Author(s): Nelia ZAMPONI | Elisabetta CESARONI | Cristina PETRELLI | Claudia PASSANONTI | Roberto TRIGNANI | Franco RYCHLICKI

Journal: Journal of Pediatric Sciences
ISSN 1309-1247

Volume: 1;
Issue: Special Issue-1;
Date: 2009;
Original page

Keywords: vagal nerve stimulation (VNS) | epilepsy | children | efficacy | safety

Introduction: Vagus Nerve Stimulation (VNS) is an effective alternative treatment for patients with refractory epilepsy. Nevertheless, information regarding VNS is still limited. Materials and Methods: In the present non randomized, prospectic study we report our clinical safety and effectiveness of VNS in 100 patients (52 Males and 48 Females) with drug resistant epilepsy. Patient’s age at implant ranged from 0,64 to 51,04 years (mean age 15.3 years). The mean follow-up time was 54,8 months ( range 2 to 108,3 months). Seventeen patients suffered from Lennox-Gastaut Syndrome, 34 patients suffered from partial epilepsy with drop attacks and secondary bysinchronism on the EEG (Lennox Gastaut-like) and 49 patients had Partial Epilepsy without drop attacks. Data collection forms were designed for prospectively gathering data on each patient’s history, seizures, drug therapy, implant device settings and side effects. Patients were assessed prior the implant and 3, 12 and 24 months after surgery. Results: Seventy-eight patients completed the 24 months follow-up session. VNS produced a mean seizure rate reduction of 32% at 3 months, 41% at 12 months, and 45% at 24 months. At 24 months, only the Partial Epilepsy patients showed a seizures reduction of 50%, which is considered clinically significant. Moreover both the age at implant and epilepsy duration were inversely correlated with the percentage of seizure reduction at 24 months.
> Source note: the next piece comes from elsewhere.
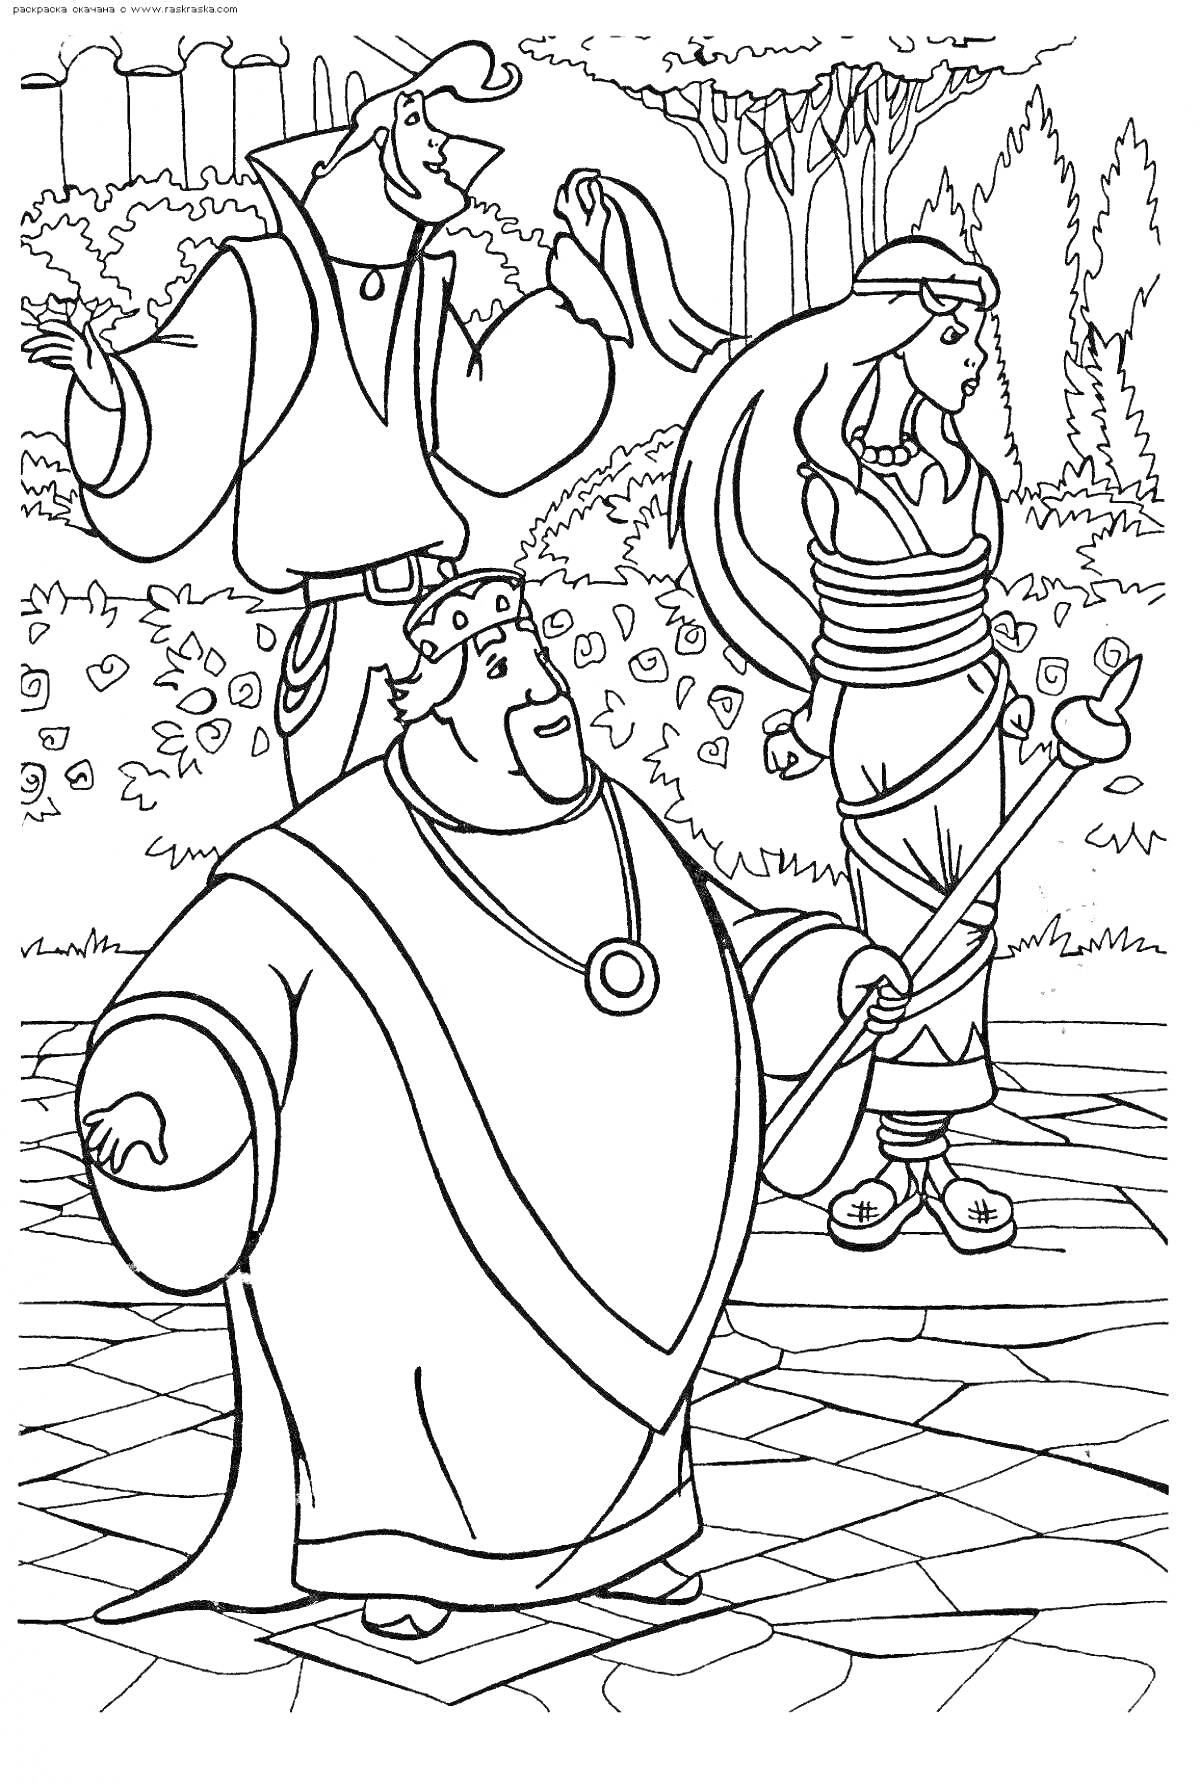 Раскраска Три персонажа на фоне деревьев и забора, один из которых король с жезлом, другой мужчина с поднятой рукой и женщина в длинном платье.

Side effects were minor and transient; the most common were voice alteration and coughing during stimulation. In 7 patients electrode breakage occurred three years after the surgical procedure. Conclusion: In our study, clinical effectiveness is higher in younger children implanted before than 12 years with shorter epilepsy duration suggesting a precocious useful role of VNS. Patients with Lennox Gastaut Syndrome show a worse clinical response rather than other epileptic syndromes.